PROBLEM REQUIREMENTS
Give all of the data again exactly as written, omitting every image.

DATA EXTRACT
* * * * * * * * *

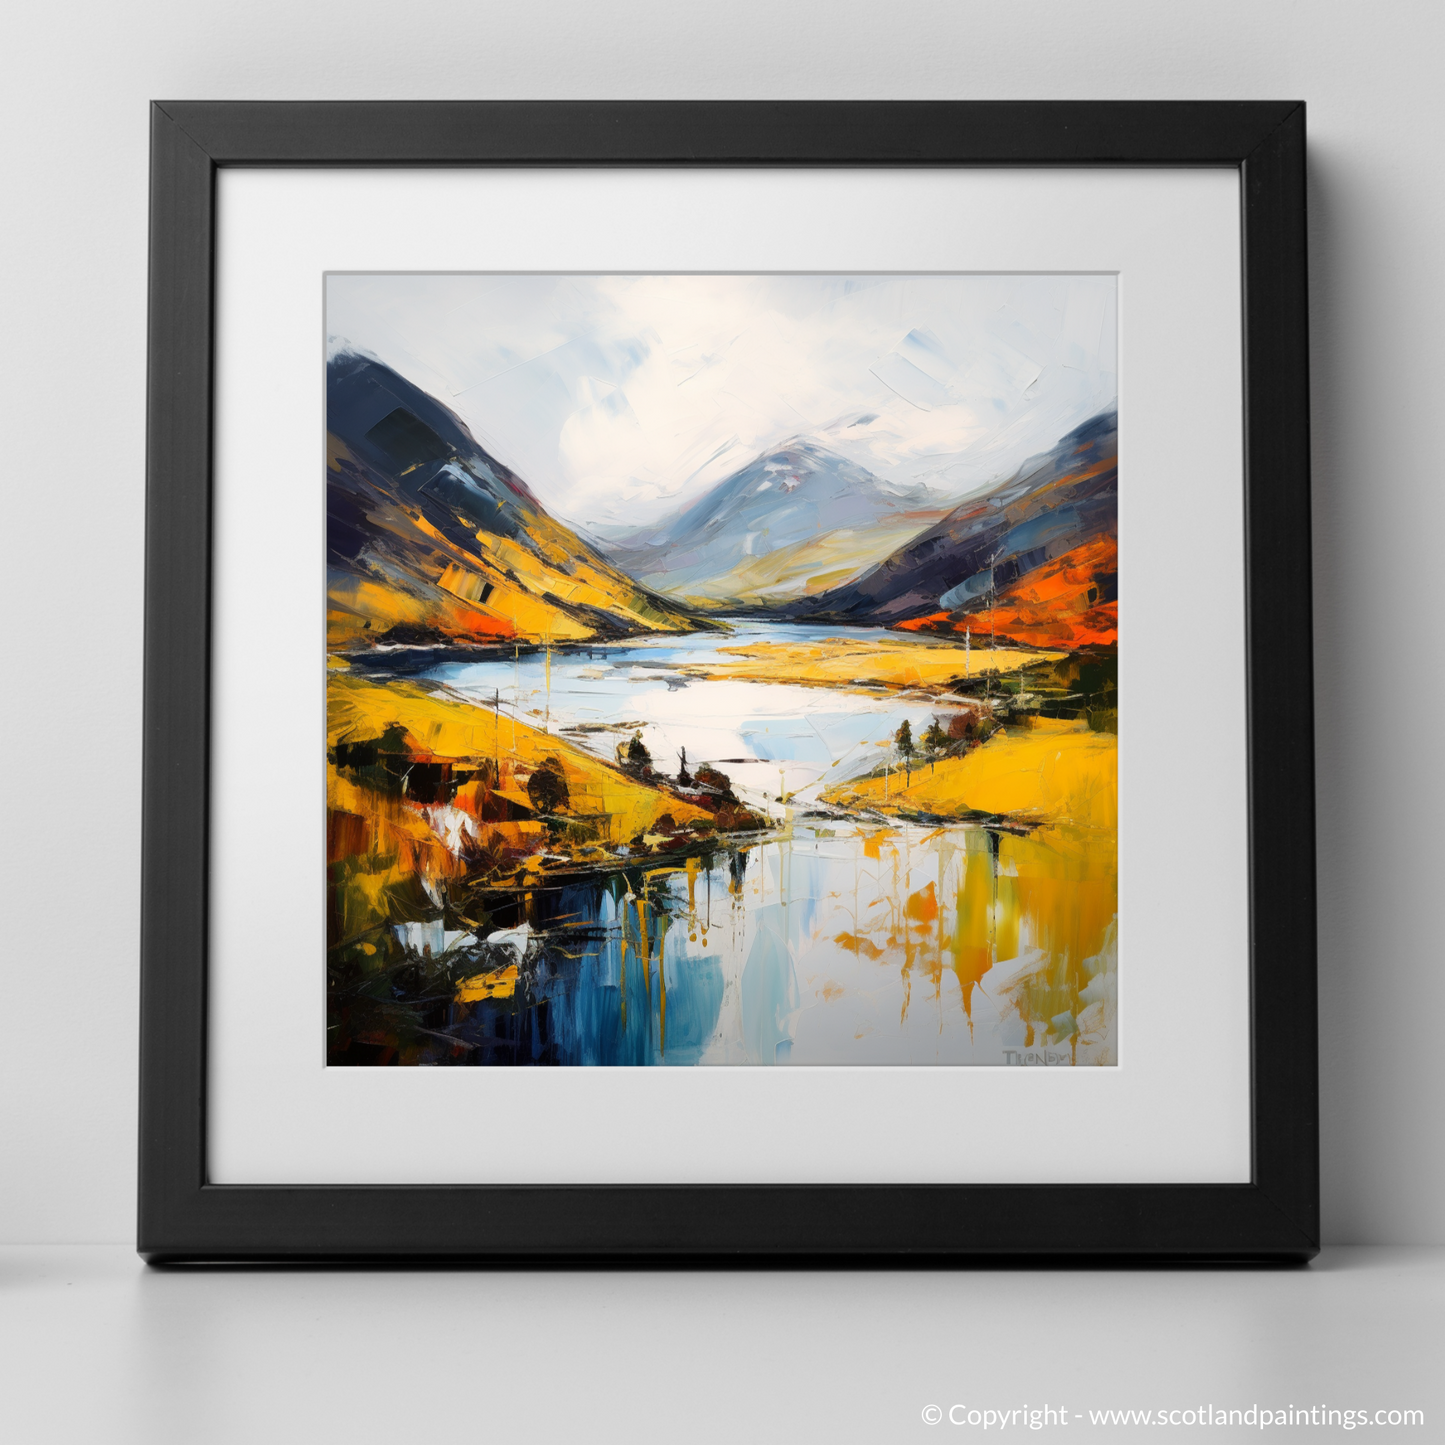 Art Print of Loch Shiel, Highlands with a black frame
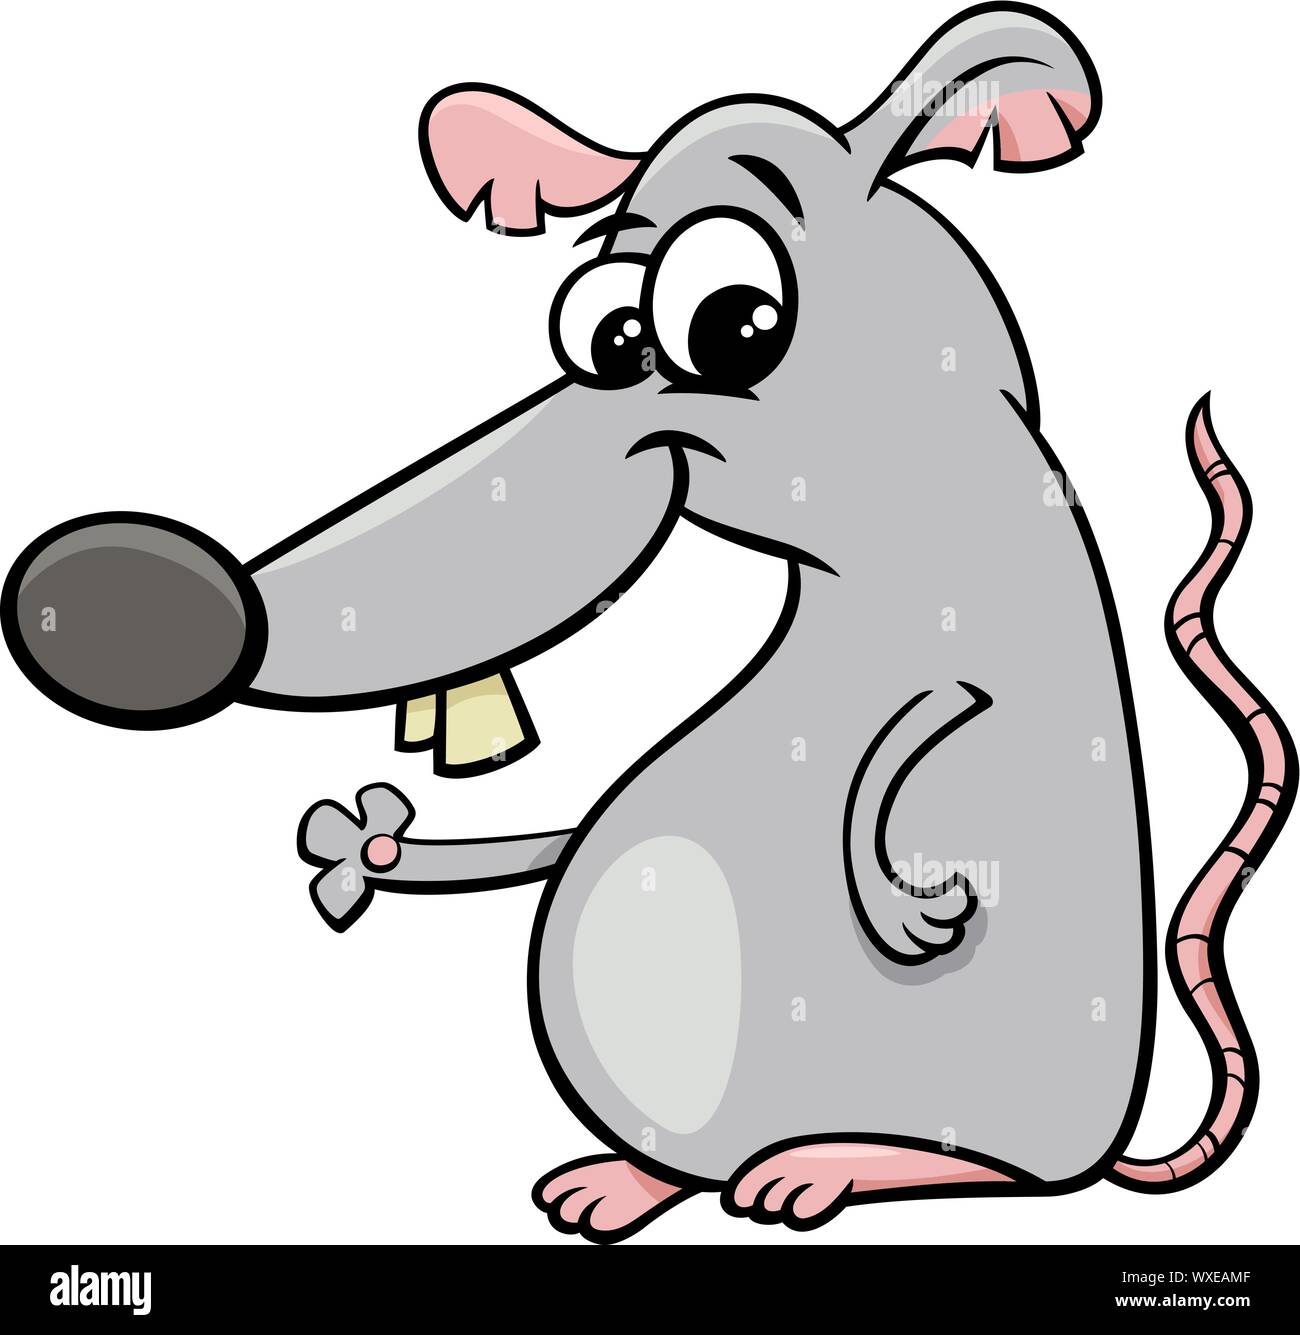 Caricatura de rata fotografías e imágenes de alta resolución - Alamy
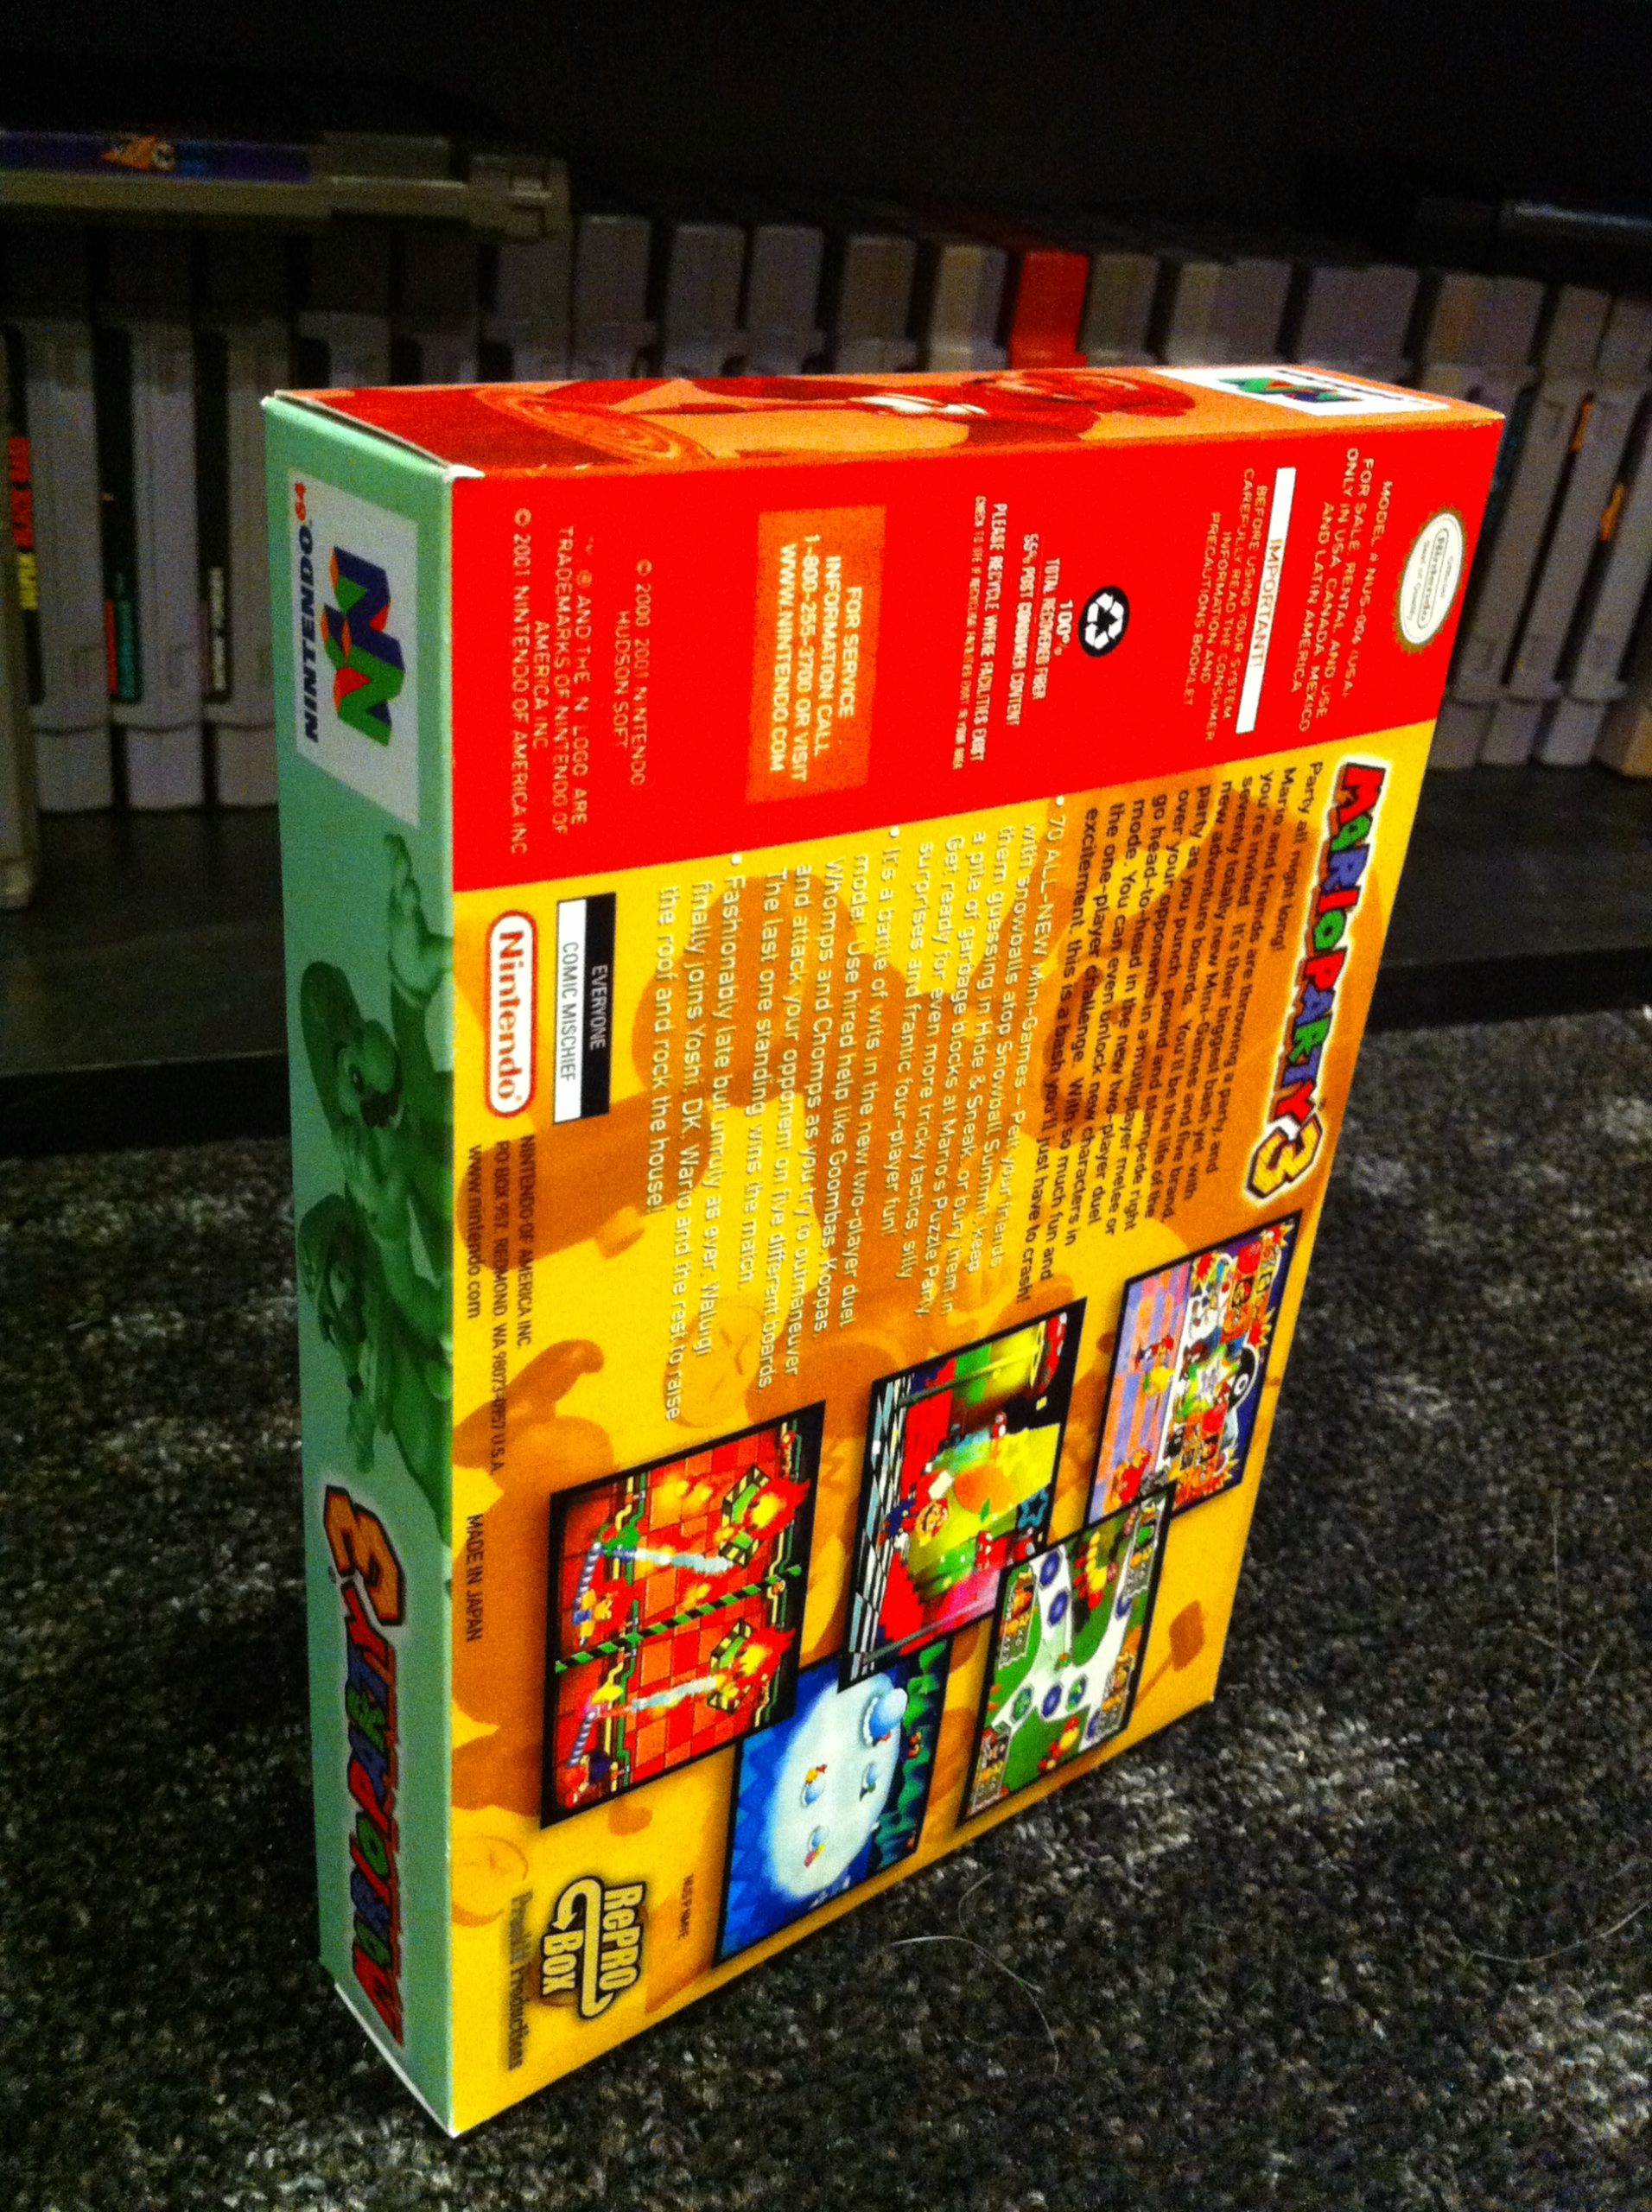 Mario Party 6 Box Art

* * * * * * * * *

FINAL ANSWER
 Art Print of Loch Shiel, Highlands with a black frame
 Caricatura de rata fotografías e imágenes de alta resolución - Alamy
 Mario Party 6 Box Art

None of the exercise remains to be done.